IT & Network Infrastructure : Intel's 3D Tri-Gate Transistor Breakthrough: A Look Inside
Intel is taking nano-scale chip design literally to another level. After more than five decades of putting flat (or planar) transistors to work in billions of chips in billions of digital devices ranging from big-iron mainframes to minuscule embedded sensors, Intel said May 4 that it now will build the tiny processing units in three dimensions, instead of two. They are called Tri-Gates, and Intel first disclosed the technology that goes into this chip design in 2002. Intel's 3D Tri-Gate transistors enable chips to operate at lower voltage with lower leakage, providing a combination of improved performance and energy efficiency never before seen in the chip industry, Intel Senior Fellow Mark Bohr said.

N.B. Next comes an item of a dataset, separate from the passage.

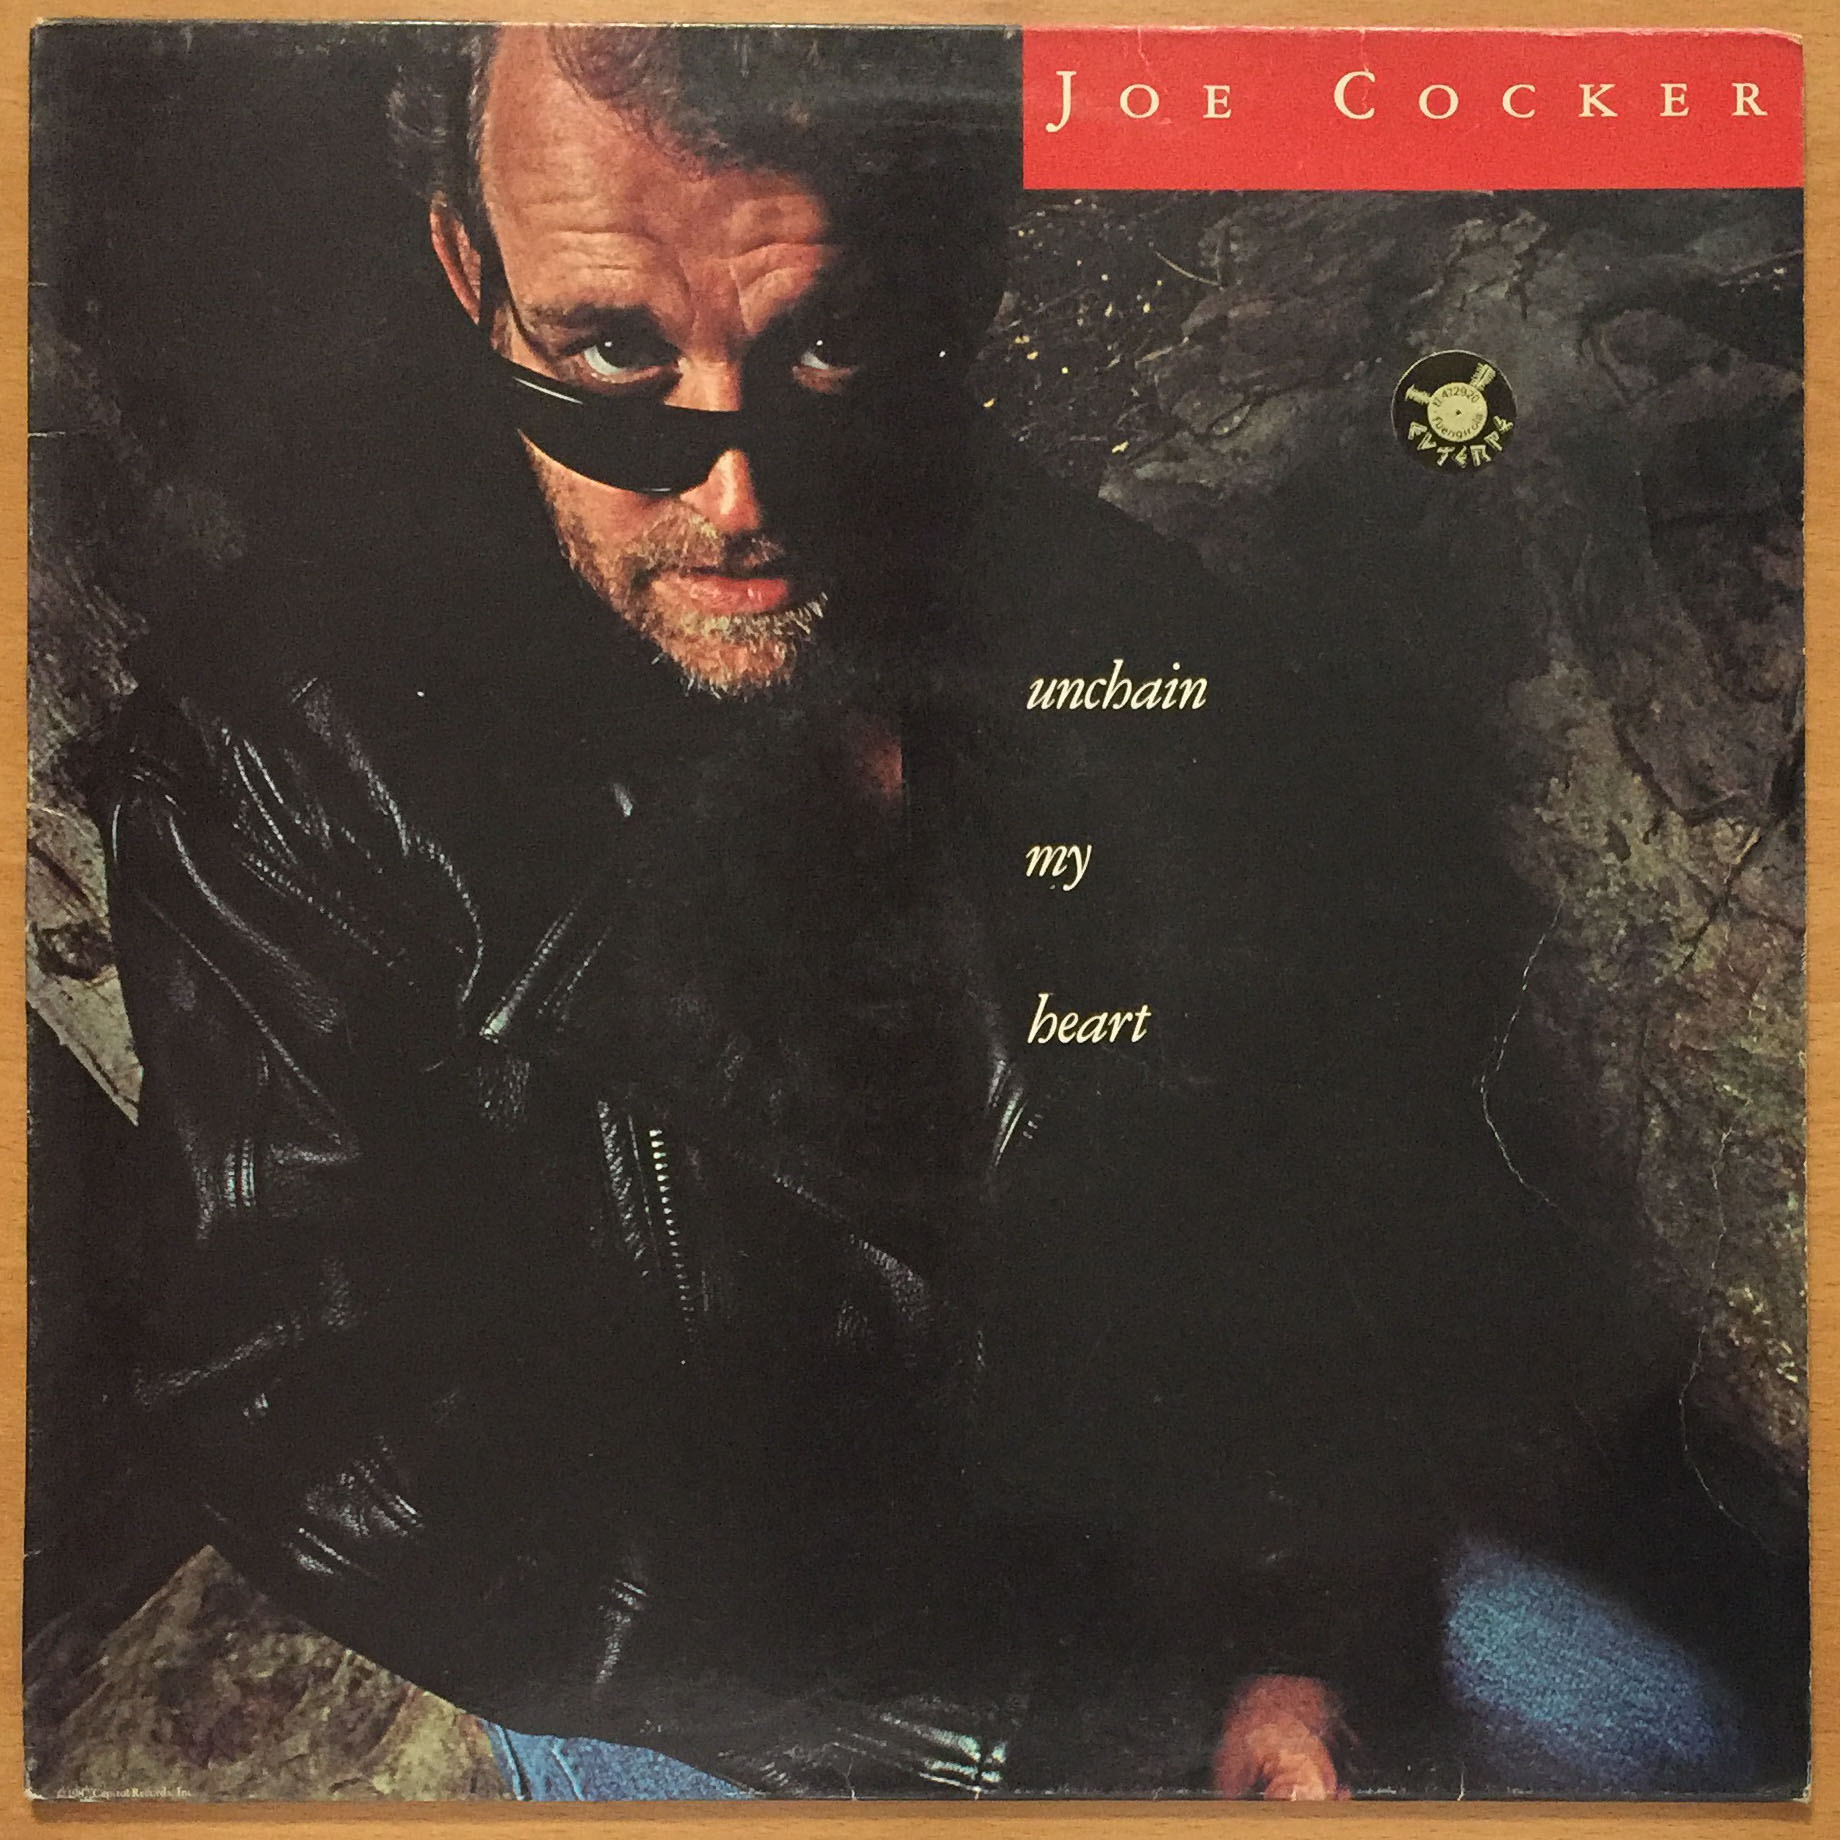 Joe Cocker-Unchain my heart. 1987 Capitol

The channels of electricity on three sides of the vertical fin structure make up the 3D nature of the transistor. The 22-nanometer 3D Tri-Gate transistors (a nanometer is one-billionth of a meter) provide up to 37 percent performance increase at low voltage compared with Intel's currently shipping 32nm planar transistors. This significant gain signifies that they are ideal for use in small handheld devices. These new transistors will reside on Intel's soon-to-come 22nm Ivy Bridge processors, due out late this year. Here are some details on how these Tri-Gates work.
Tri-Gate 3D Transistors: Low Power or High Performance
Intel Senior Fellow Mark Bohr, who's been working on the 3D transistors for a full decade, said the capabilities give chip designers the flexibility to choose transistors targeted for low power or high performance, depending on the application. "Of course, the Tri-Gates are very capable at both," Rohr said.